*** Supplied information Section Begins ***
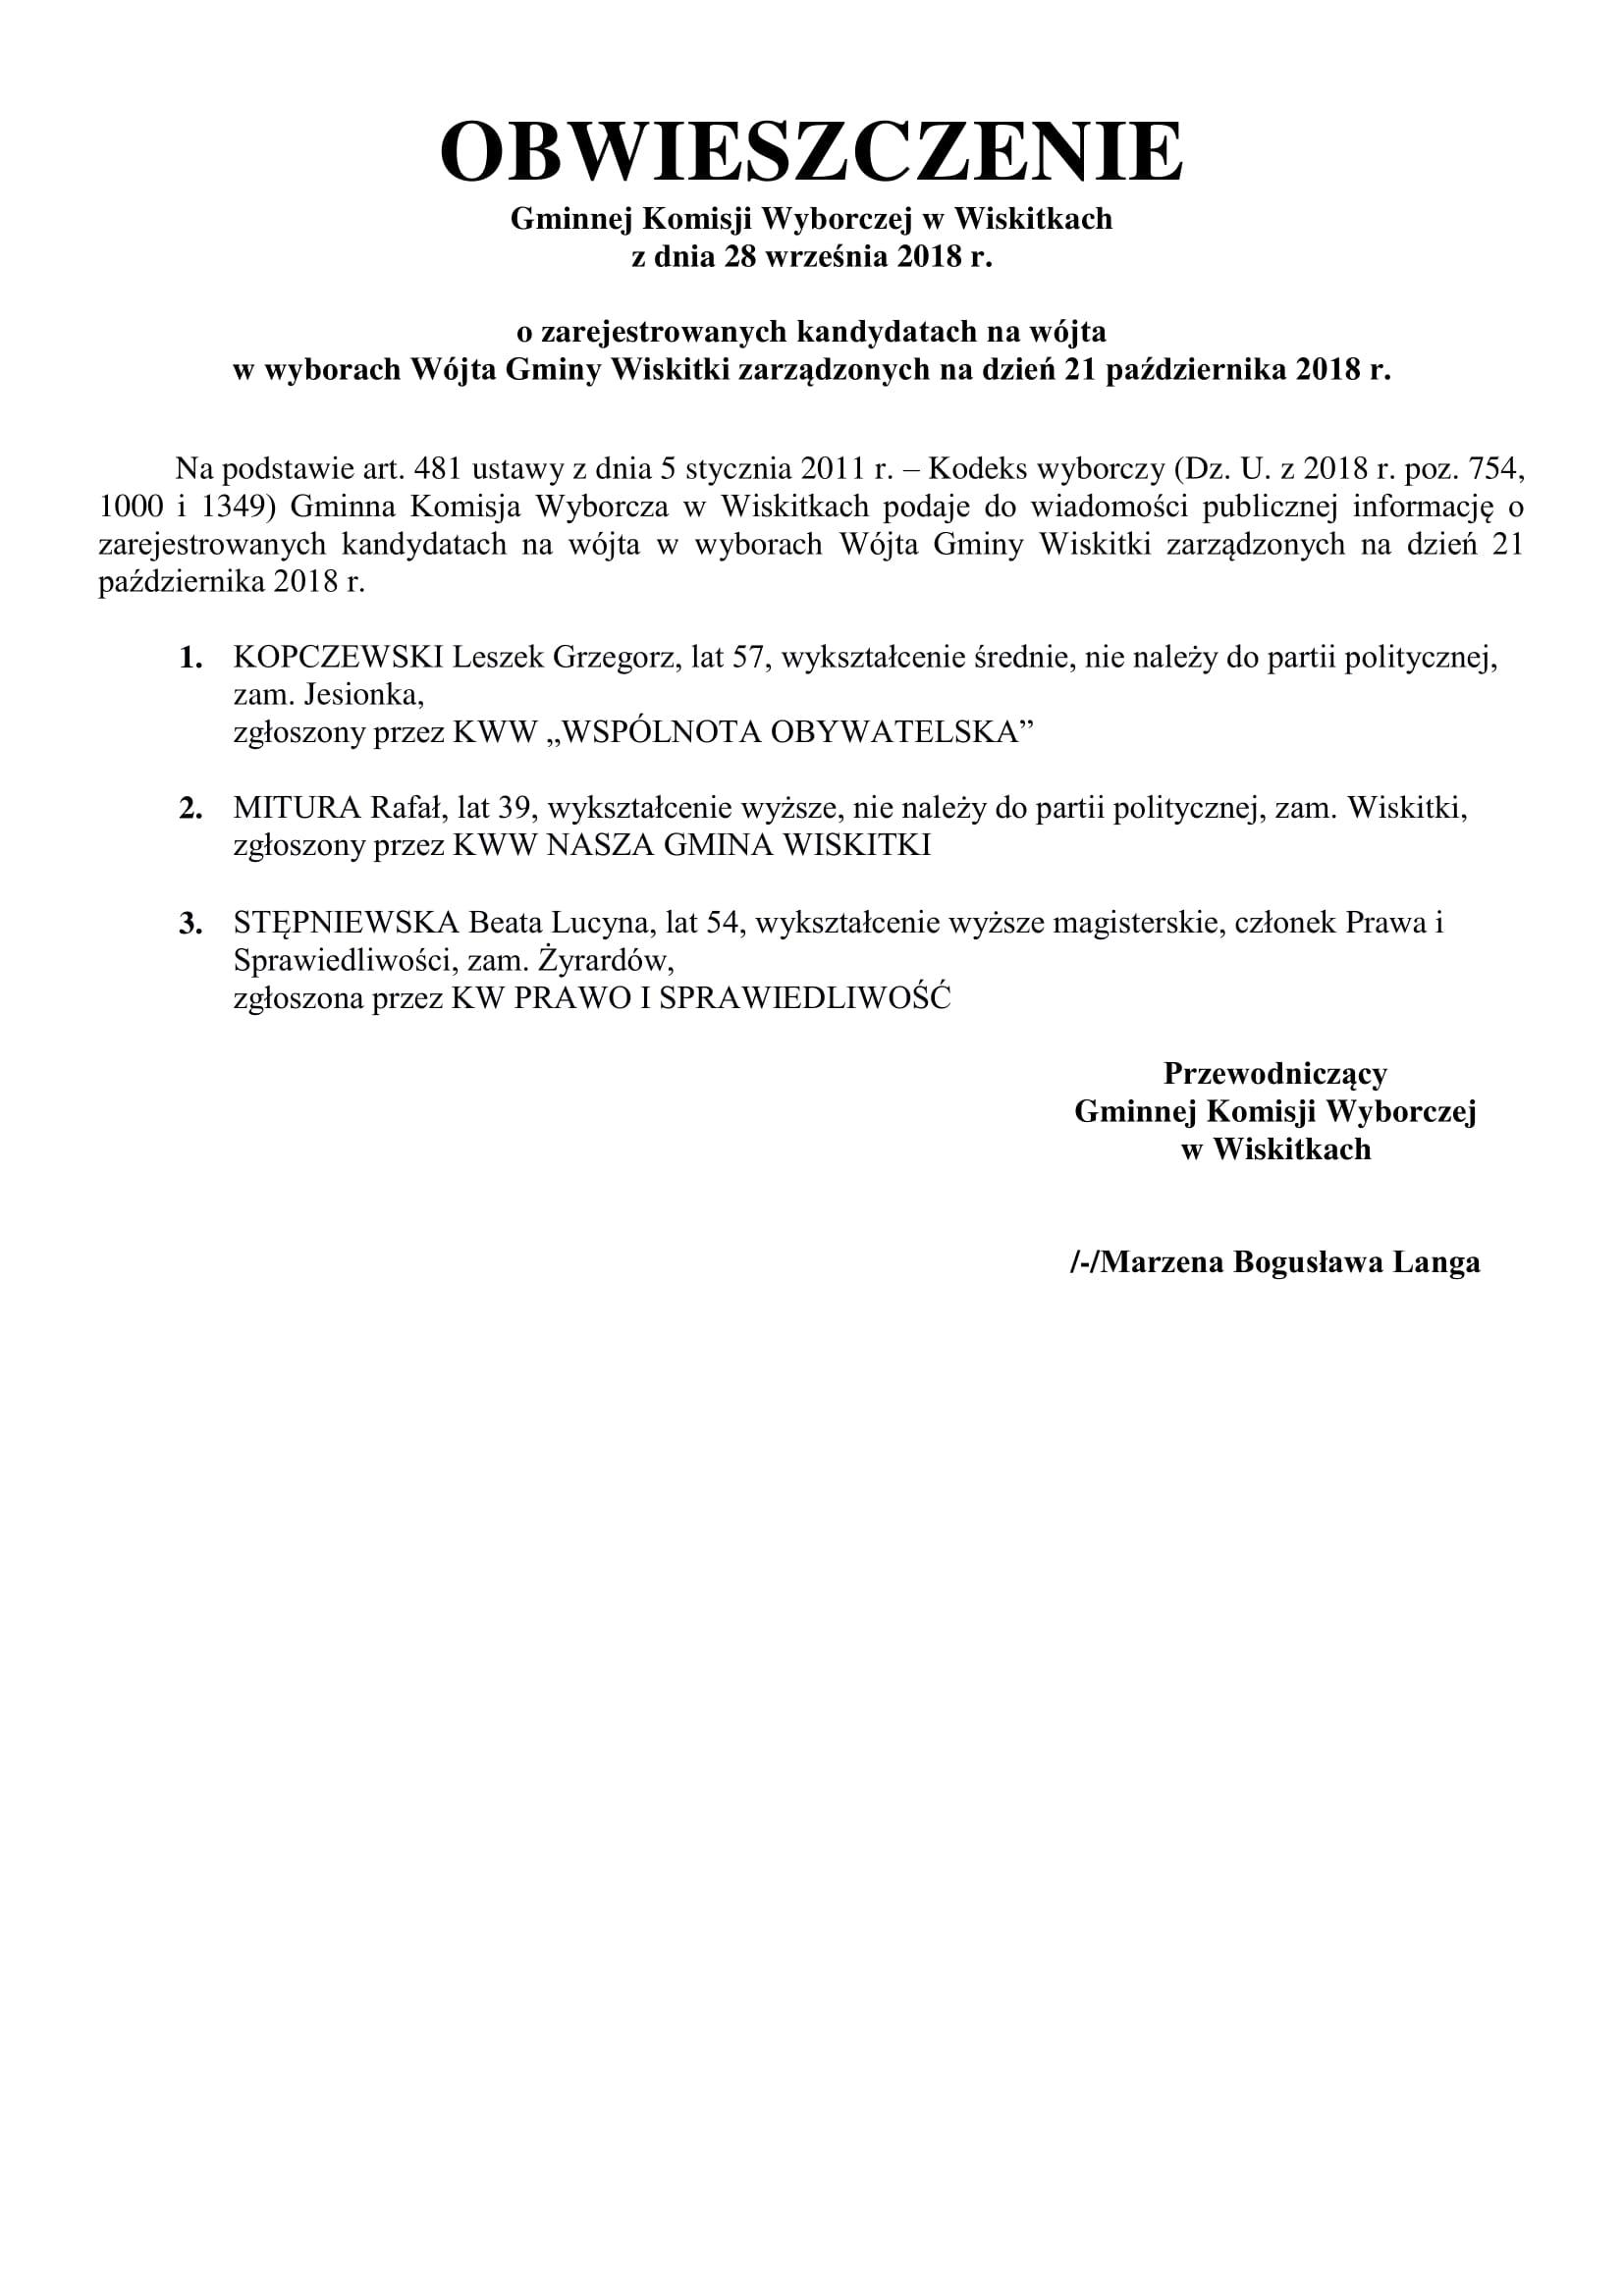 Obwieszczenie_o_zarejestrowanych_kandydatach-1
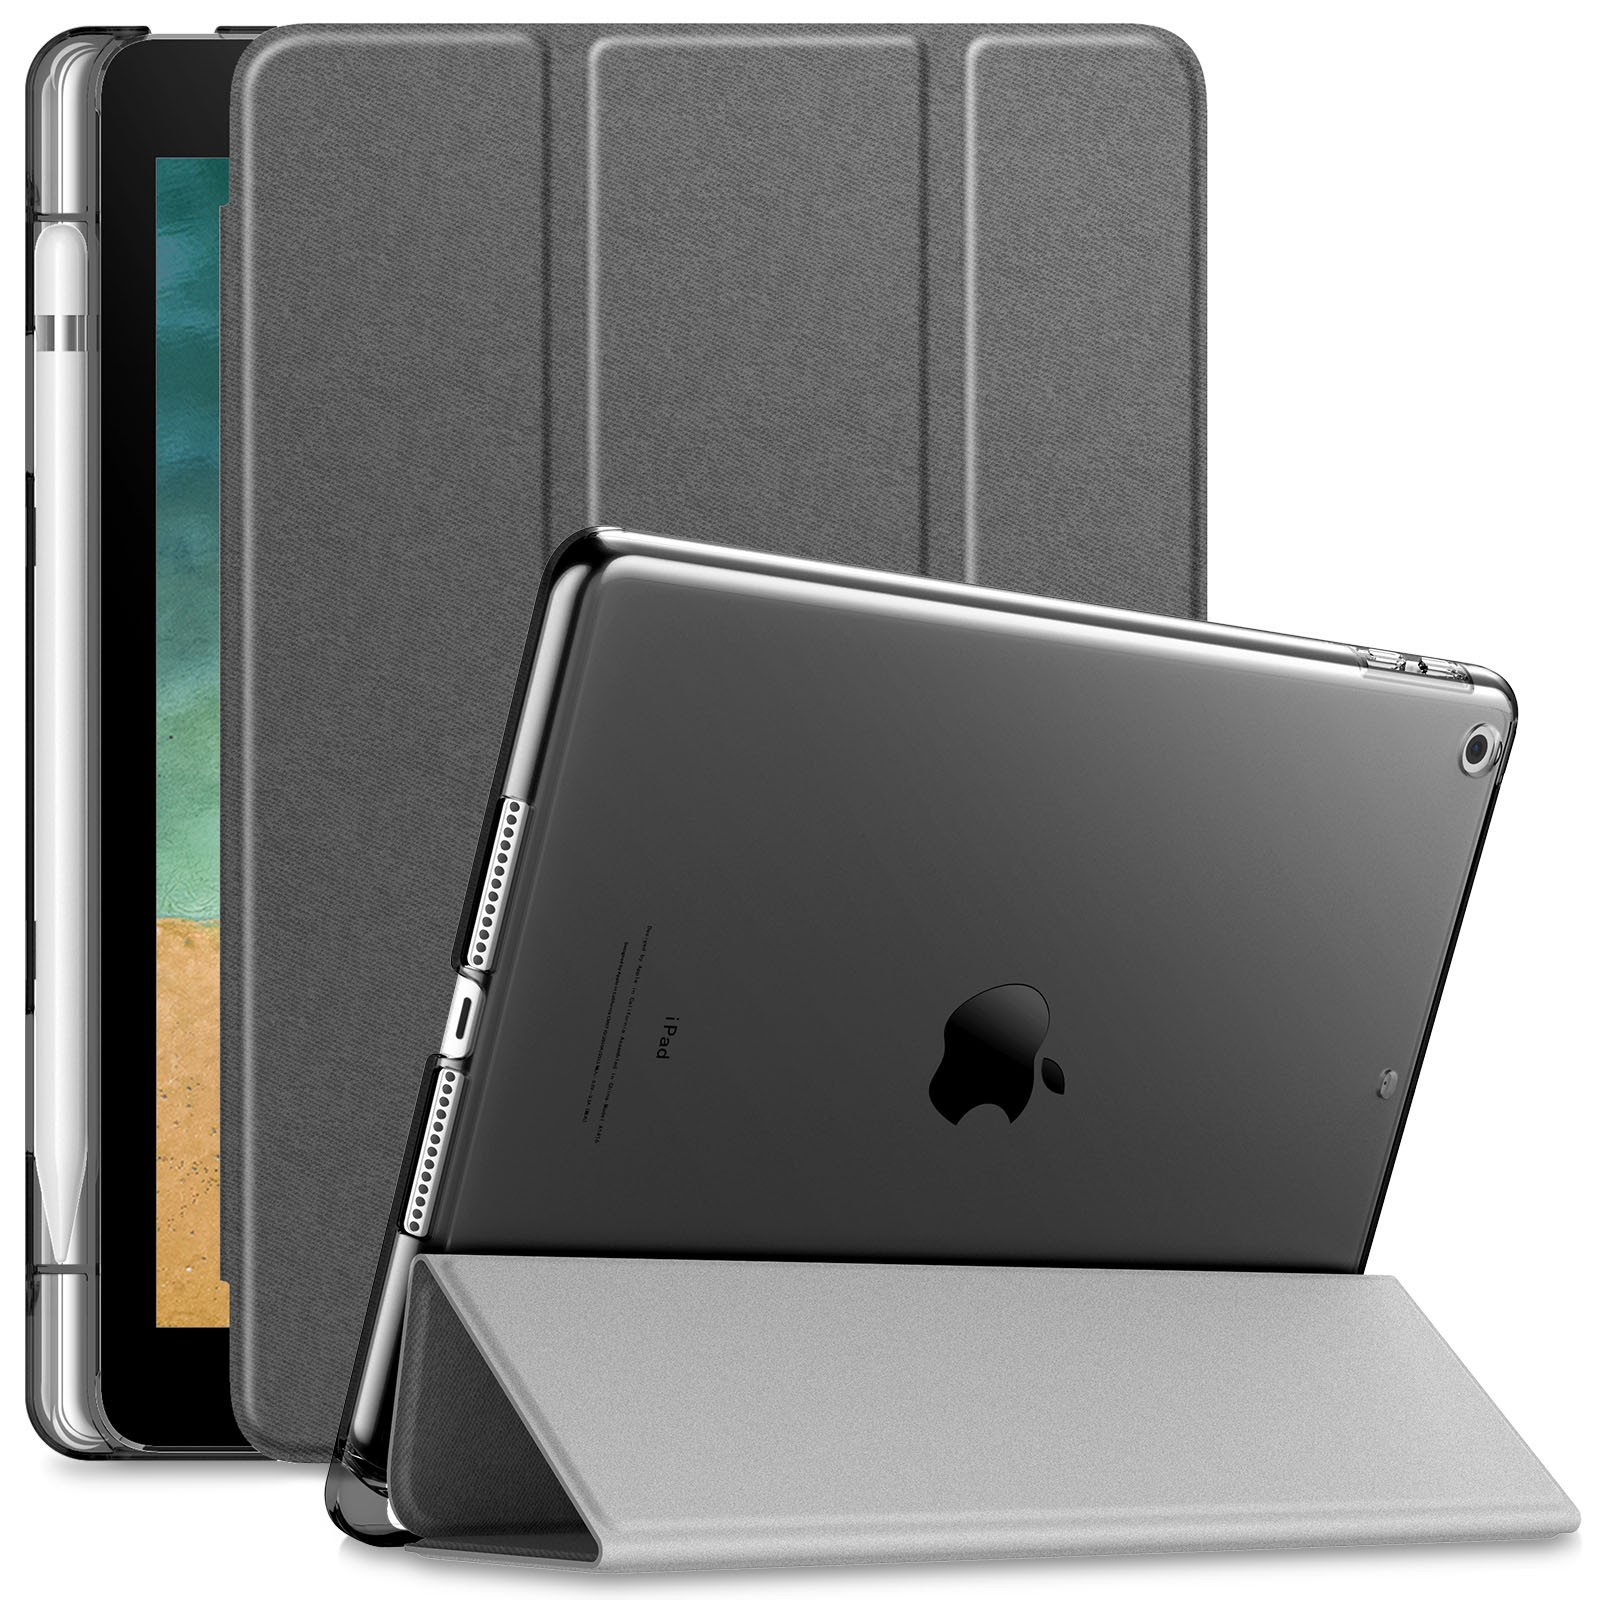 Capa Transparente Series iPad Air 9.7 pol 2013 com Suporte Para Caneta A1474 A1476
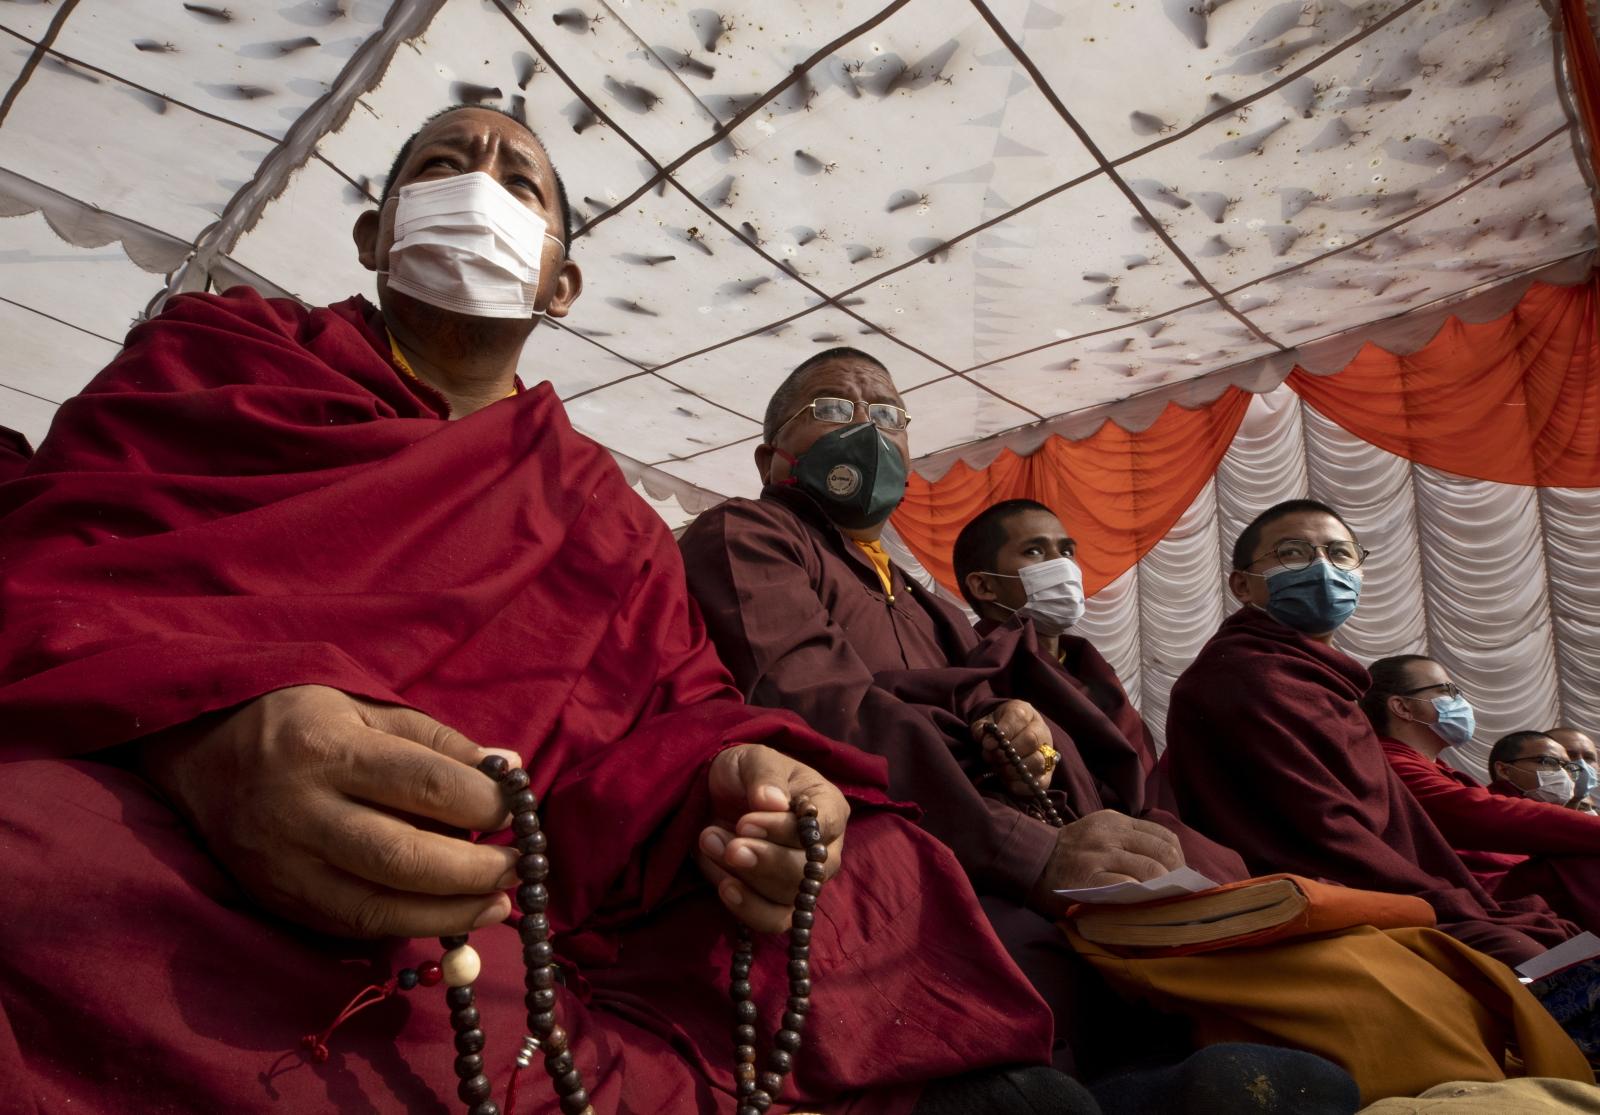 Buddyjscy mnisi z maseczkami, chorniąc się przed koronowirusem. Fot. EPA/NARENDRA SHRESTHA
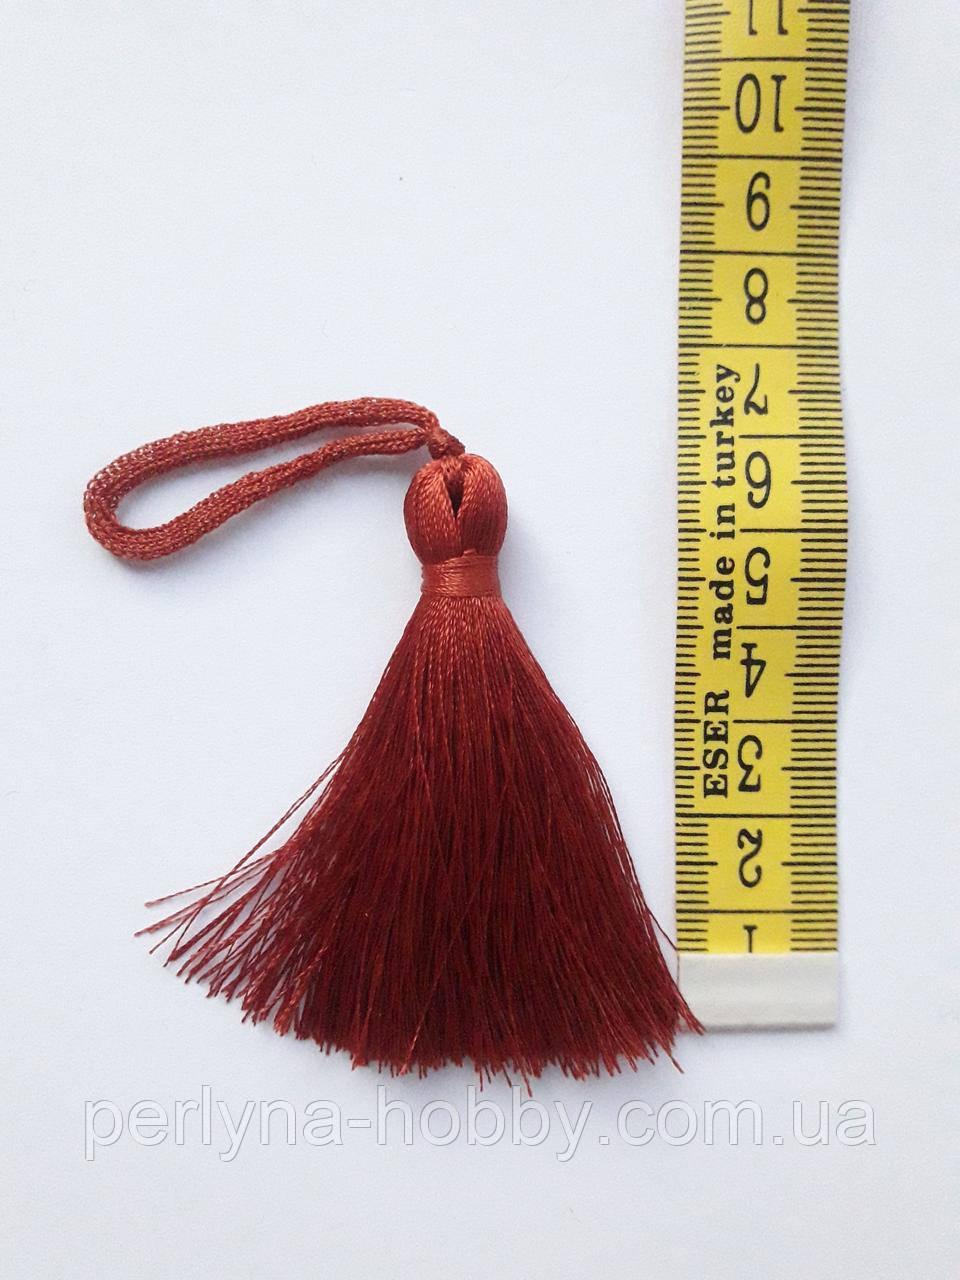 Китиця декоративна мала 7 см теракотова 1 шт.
*** Supplied information Section Ends ***
The lines from the one containing "Capa Transparente Series" through the end of the data above are to be copied exactly, both ends included, and pictures are to be omitted.

 Capa Transparente Series iPad Air 9.7 pol 2013 com Suporte Para Caneta A1474 A1476
 Buddyjscy mnisi z maseczkami, chorniąc się przed koronowirusem. Fot. EPA/NARENDRA SHRESTHA
 Китиця декоративна мала 7 см теракотова 1 шт.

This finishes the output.